При этом следует признать, что редакция ст. 128 ГК РФ вызывает вопросы с точки зрения характеристики закрепленного там перечня в качестве исчерпывающего. С одной стороны, перечень объектов сформулирован как закрытый, однако, с другой стороны, открытым осталась позиция по «иному имуществу». Законодатель исправил ошибку, критиковавшуюся многими, об отнесении безналичных денежных средств, бездокументарных ценных бумаг к имуществу, четко отнеся их в новой редакции к имущественным правам. Однако широкое понимание термина «имущество» и его открытый перечень не дает основание безапелляционно отбросить позицию о том, что и криптовалюты, цифровые коды, если они удовлетворяют имущественные потребности участников гражданско-правовых отношений, могут трактоваться как «иное имущество» и не требуют самостоятельного поименования в нормах ГК РФ. Вместе с тем, как уже было отмечено ранее, именно новизна указанных отношений требует от государства четкой позиции по включению данных объектов в гражданский оборот.
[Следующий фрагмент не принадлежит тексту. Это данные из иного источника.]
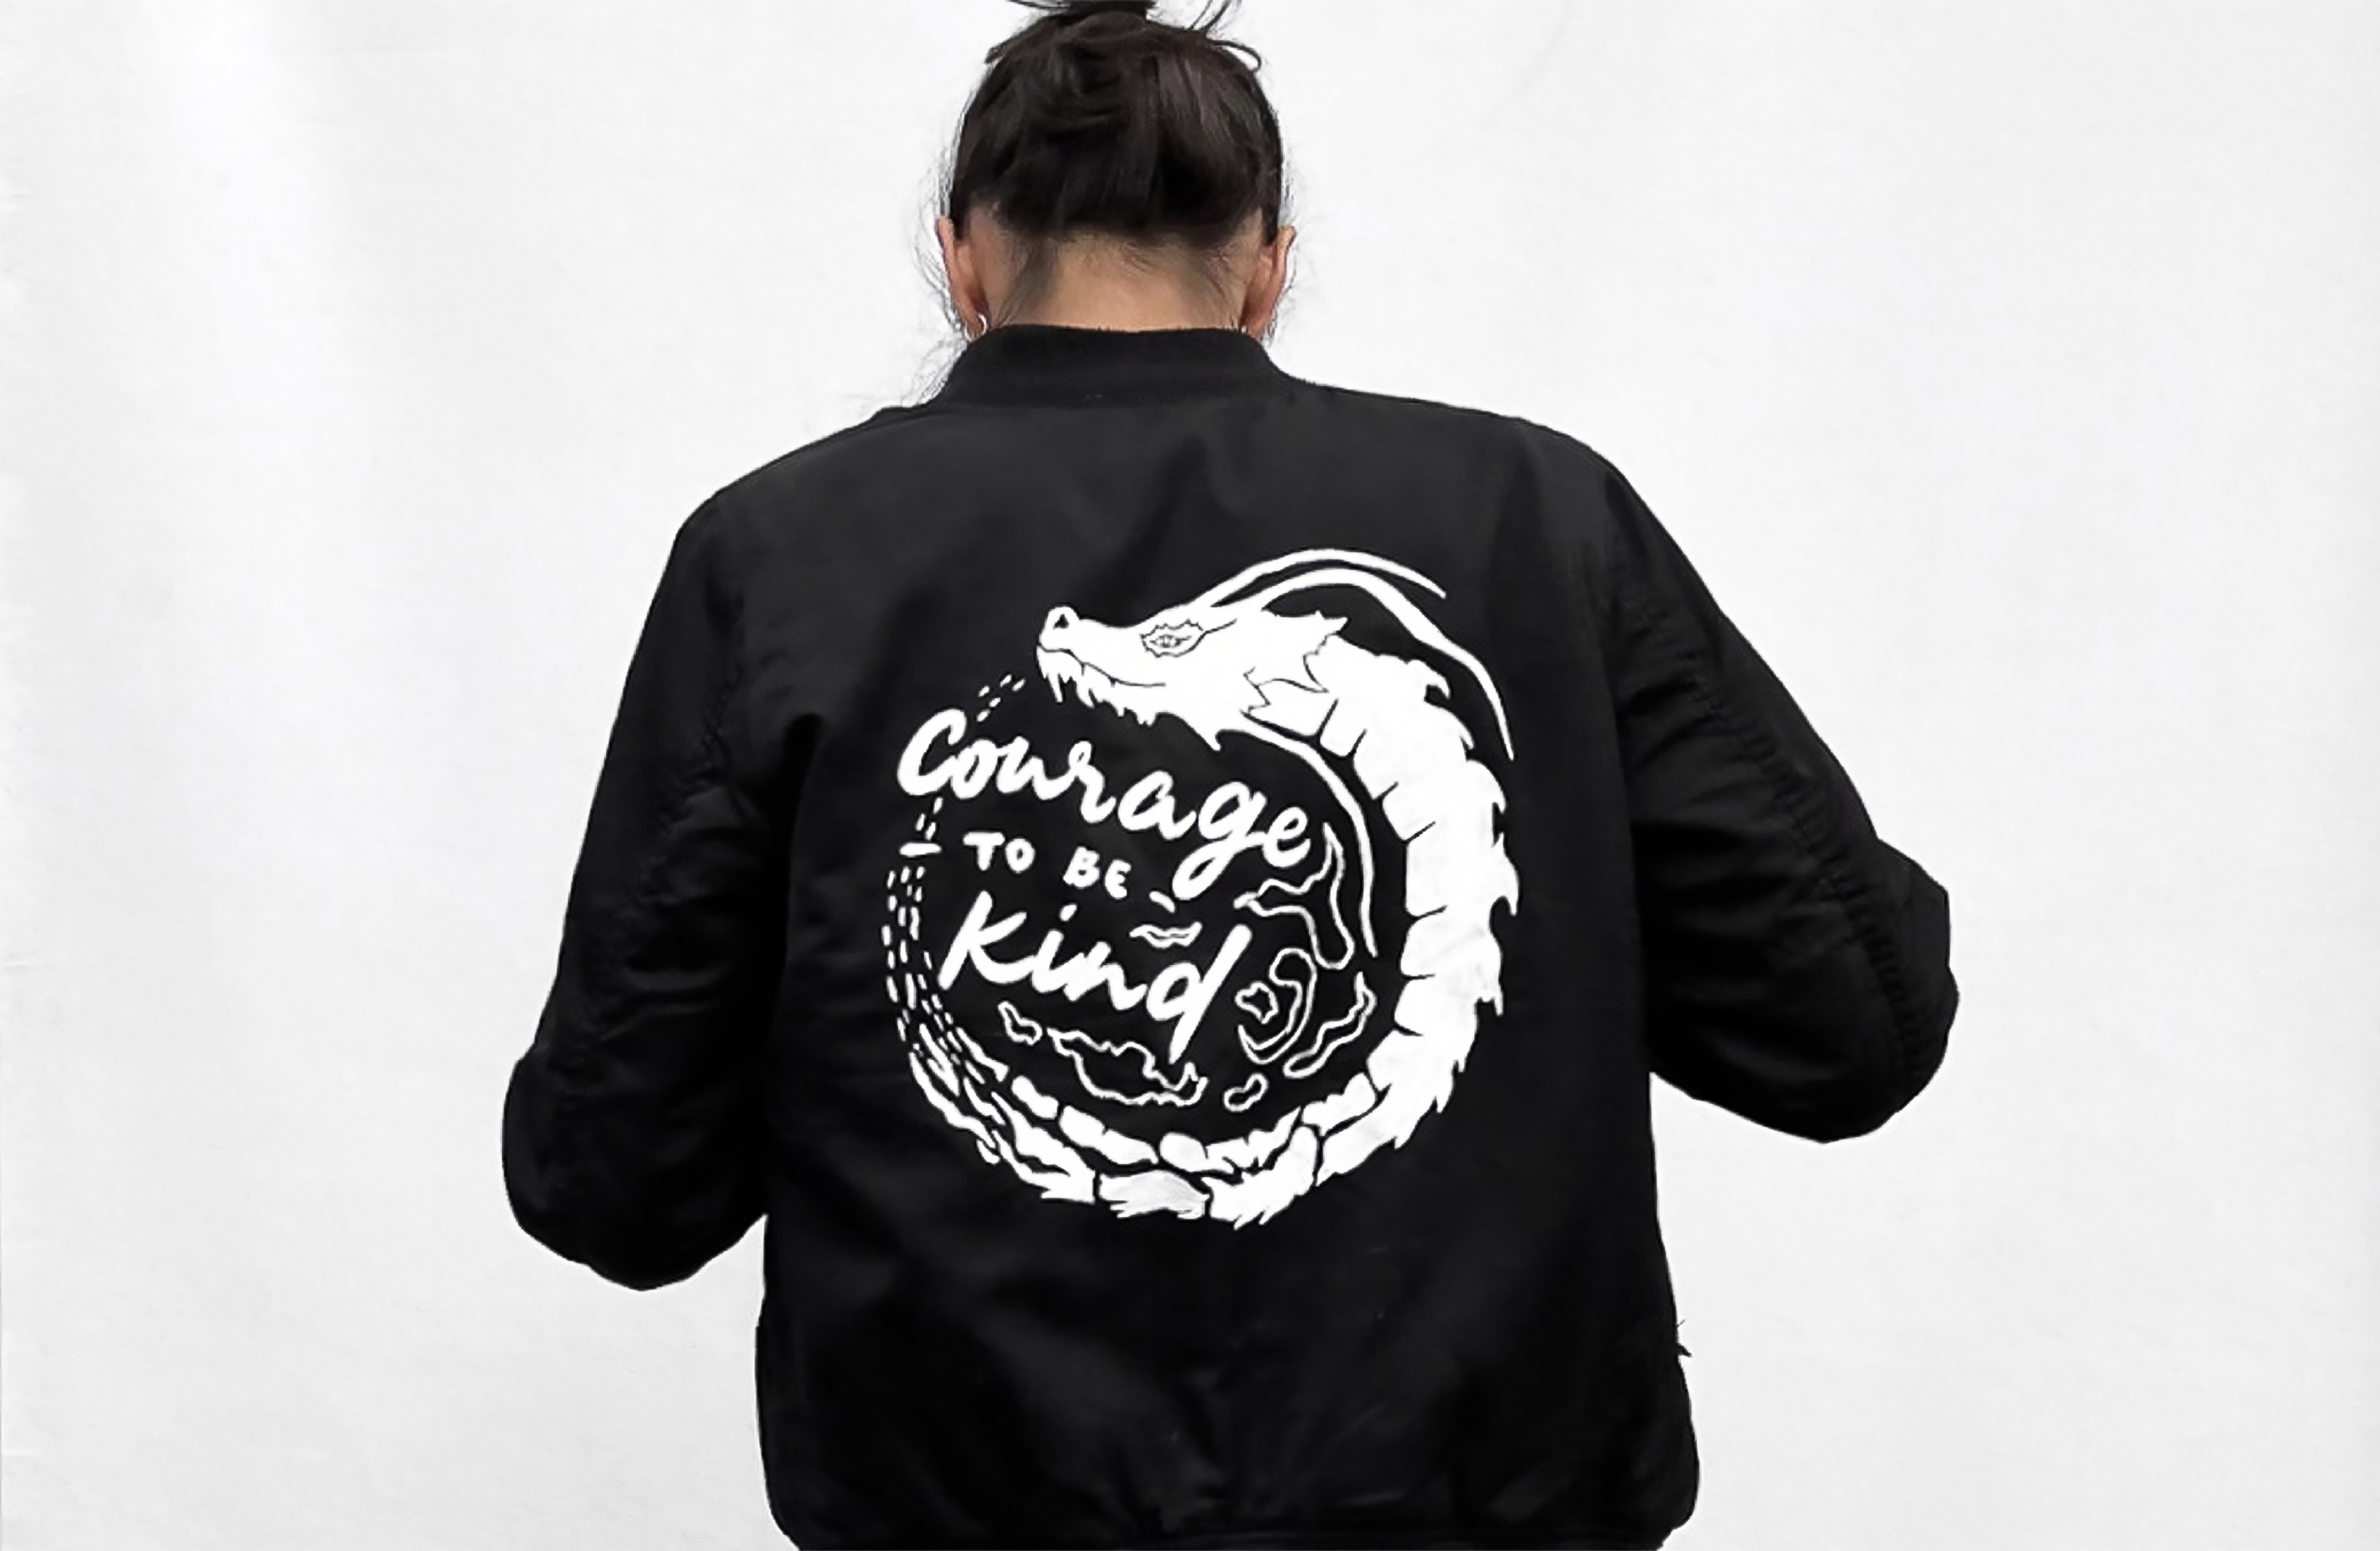 Hand-painted jacket with dragon on the back and sign "courage to be kind"

Изменение и корректировка норм гражданского законодательства в части объектов гражданских прав не является исключительным событием в последнее время. Ученые справедливо указывают, что исчерпывающий перечень объектов гражданских прав не является чем-то неизменным. Законодатель периодически меняет его состав и формулировки отдельных видов объектов [3]. Среди наиболее обсуждаемых в последние годы было решение об исключении из перечня объектов информации. В юридической литературе давались разные оценки подобного законодательного решения [9], однако, вызывает удивление, что Федеральным законом «О внесении изменений в части первую, вторую и статью 1124 части третьей Гражданского кодекса Российской Федерации» от 18 марта 2019 г. № 34-ФЗ[7] не произошло возвращение информации в ст. 128 ГК РФ в качестве объекта гражданских прав. Такое законодательное решение было анонсировано Планом мероприятий по направлению «Нормативное регулирование» программы «Цифровая экономика Российской Федерации»[8]. В рамках указанного Плана прямо закреплена задача по устранению правовой неопределенности посредством включения информации в качестве объекта гражданских прав путем внесения изменений в ГК РФ и (или) иные нормативные правовые акты в части закрепления информации в качестве объекта гражданских прав. Данные изменения в ГК РФ планировалось внести в декабре 2018 г.
Необходимость реагировать на изменяющиеся общественные отношения и вводить новые виды объектов гражданских прав предопределена еще одним их свойством, которые выделяют в юридической литературе. Исследователи предложили именовать его свойством эмерджентности (от англ. еmergent – неожиданно появляющийся), при этом, прогнозируя, что по мере цифровизации общественной жизни будут возникать все новые и новые виды цифровых активов [10].
Резюмируя, следует сказать, что цивилистической науке придется смириться с тем, что доктринальная разработка проблем новых объектов гражданских прав, вызванных цифровизацией общественных отношений, будет происходить параллельно с внесением изменений в законодательство, а не предшествовать им. Слишком стремительное развитие в данной области, требует и более оперативной реакции научного сообщества в части разработки данной проблематики.